Nina Strokata (née Karavanska after her marriage; January 31, 1926, Odesa - August 2, 1998, Denton) was a Ukrainian dissident, Soviet microbiologist and immunologist. She was a member of the dissident movement in the USSR, a co-founder of the Ukrainian Helsinki Group, and one of the leading human rights activists in Odesa during the Soviet period. She is the author of about 23 scientific papers in the field of clinical microbiology and immunology. She spoke Ukrainian, English, German, Polish, and Romanian.

Ivan Lutsenko Lane (as of 29.07.2024, Vice Admiral Zhukov Lane)


Photo: Wikipedia

Ivan Lutsenko (1863-1919) was a physician, public, political and military figure of Ukraine, politician, historiographer of the history of Ukraine, and historian of the Cossack era. In 1882-1886, he studied at the Faculty of Natural Sciences of St. Petersburg University, and in 1887-1891 at the Imperial Military Medical Academy. After defending his doctoral dissertation at the St. Petersburg Military Medical Academy, which was published as a separate book in 1893, he moved to Odesa. He lived on Khersonska Street (now Pastera Street), in the fifty-second house. Here, all the organizational work related to the creation of the Odesa Prosvita was carried out.

Sviatoslav Karavanskyi Street (as of 29.07.2024, Zhukovskoho Street)


Photo: Wikipedia

Sviatoslav Karavanskyi (1920-2016) was a Ukrainian linguist, poet, translator, journalist, and self-published author. A long-term prisoner of the Soviet camps of the USSR in 1944-1960, 1965-1979. Member of the OUN. Born in Odesa, he has been in exile since 1979.

Mykola Savych Street (as of 29.07.2024, Sabaneev Bridge Street)

Mykola Savych (1808 - 1892) was a public figure and journalist of the Russian Empire.
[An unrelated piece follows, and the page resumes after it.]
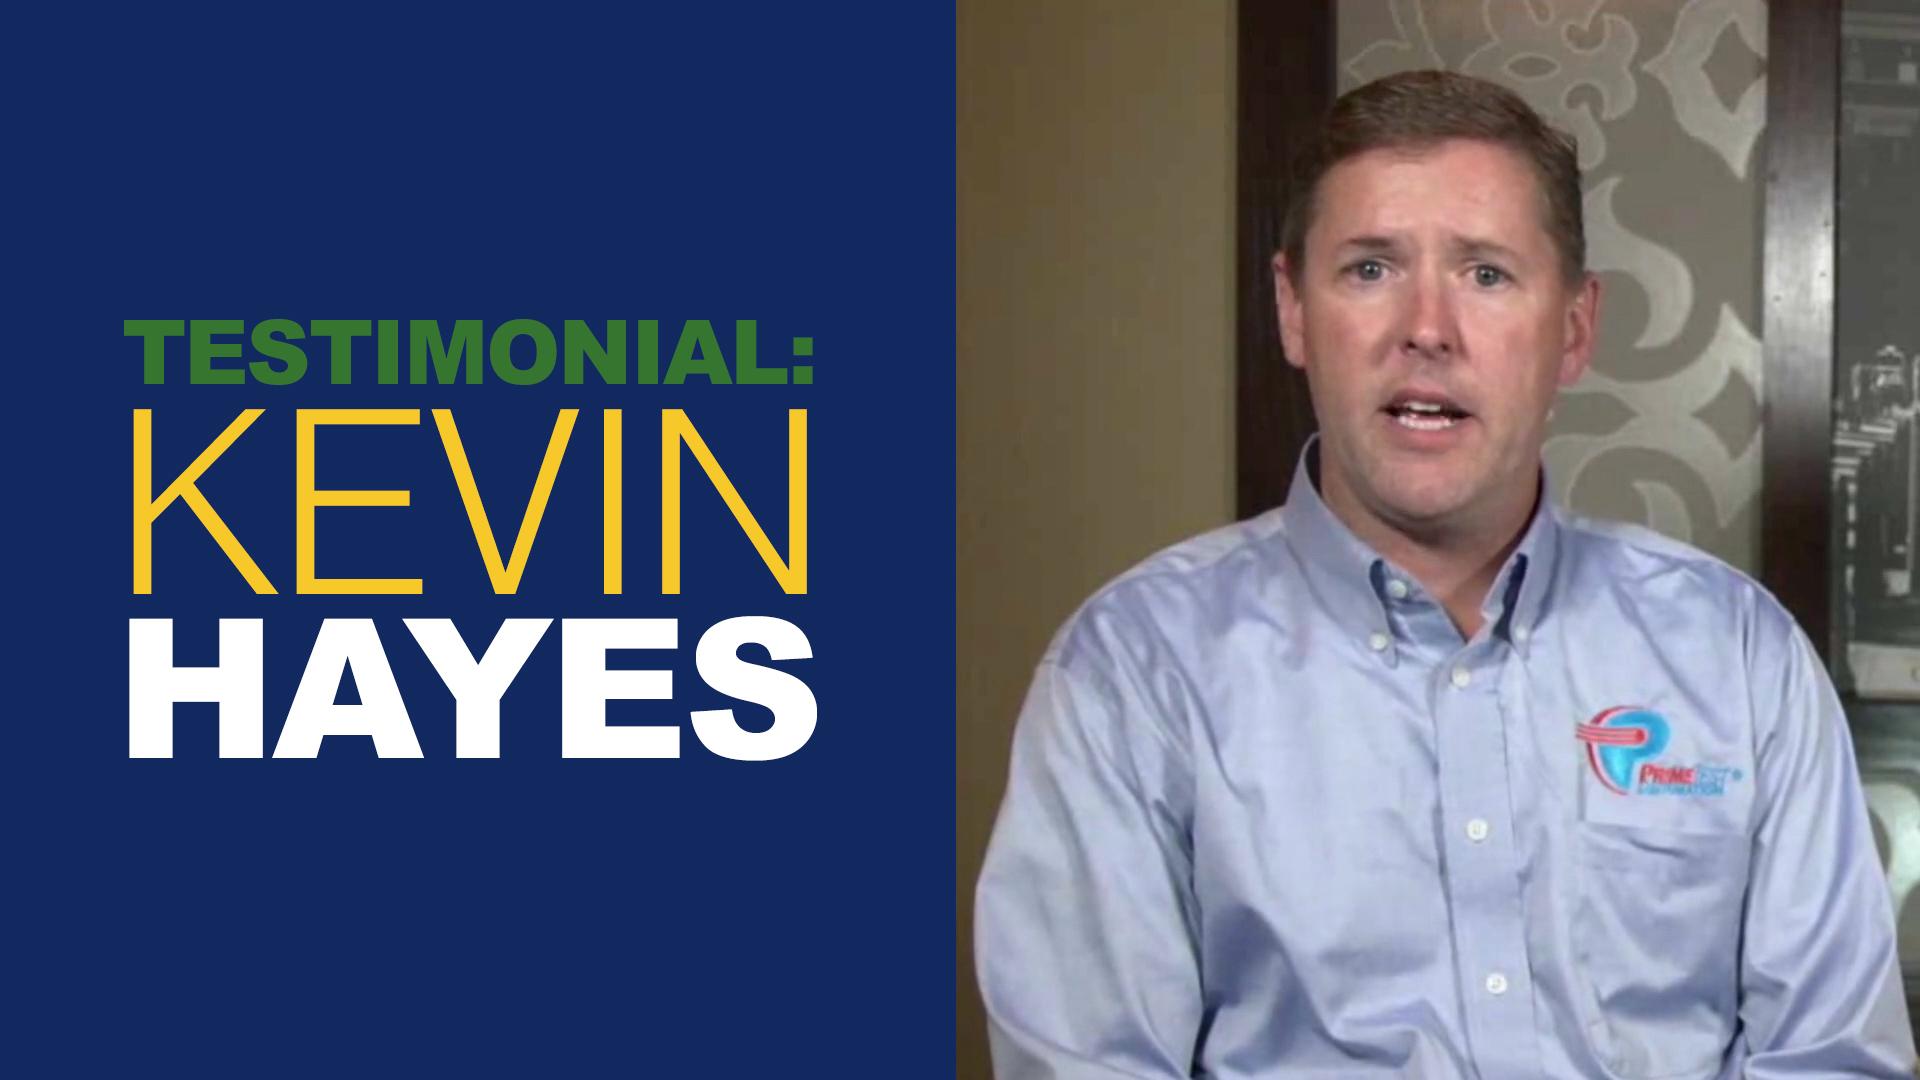 Testimonial Kevin Hayes

He participated in the Russo-Turkish War of 1828-1829. In the mid-1840s he met Taras Shevchenko and in 1846 became a member of the Cyril and Methodius Society. For his participation in it and for his views opposed to the autocracy, in 1847 he was recalled from abroad, arrested, and placed under police surveillance. From 1848, Mykola Savych lived in Odesa, was a member of the City Duma, became a member of the Imperial Odesa Society of History and Antiquities, and collaborated with the Odesa Bulletin newspaper, where he wrote articles on political and economic topics.
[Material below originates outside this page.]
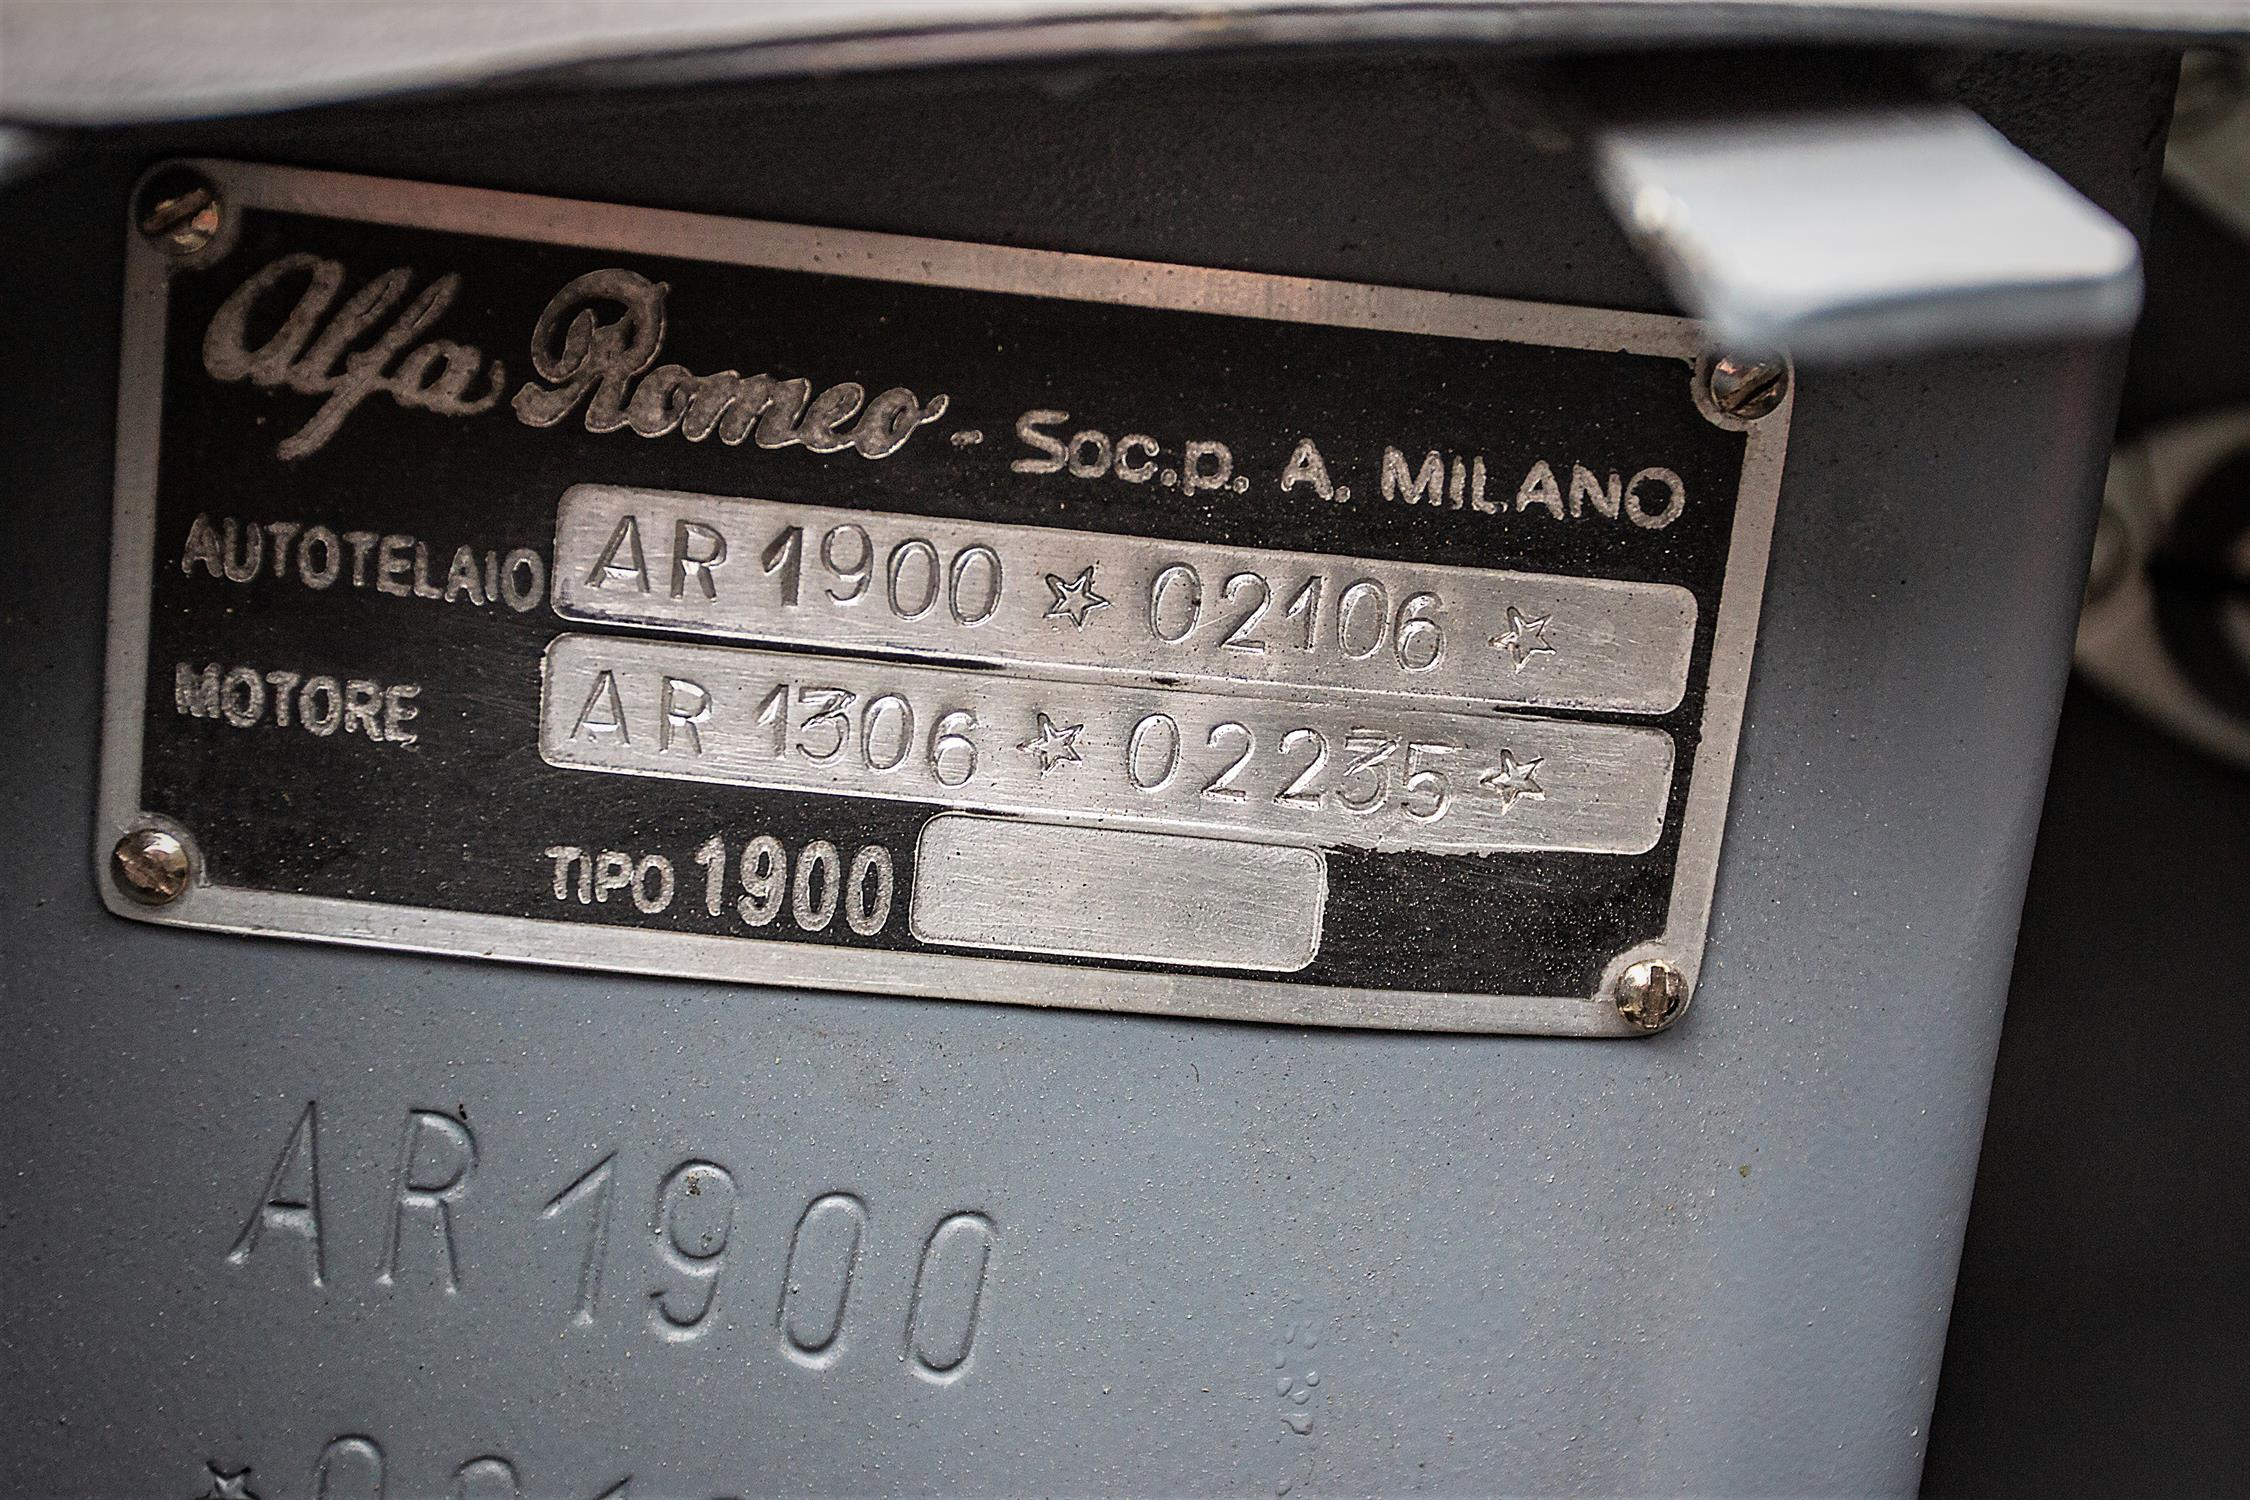 1952 Alfa 1900 ATL Barchetta - Image 9 of 10

Vitalii Borovyk Street (as of 29.07.2024, Yurii Olesha Street)


Photo: Wikipedia

Vitalii Borovyk (1864-1937, Odesa) was a Ukrainian publicist, poet, and translator. His real name was Borovikov. He also signed his works with cryptonyms: V. B.; V. B-k. He was a victim of Stalin's repressions. In 1899, Borovyk was imprisoned as a "politically unreliable" person. After the revolutionary events of 1917, he worked in agricultural institutions in Odesa. In 1919, he was one of the initiators of the creation of the Ukrainian State Library in Odesa. He was arrested by the NKVD. He was shot dead on December 28, 1937.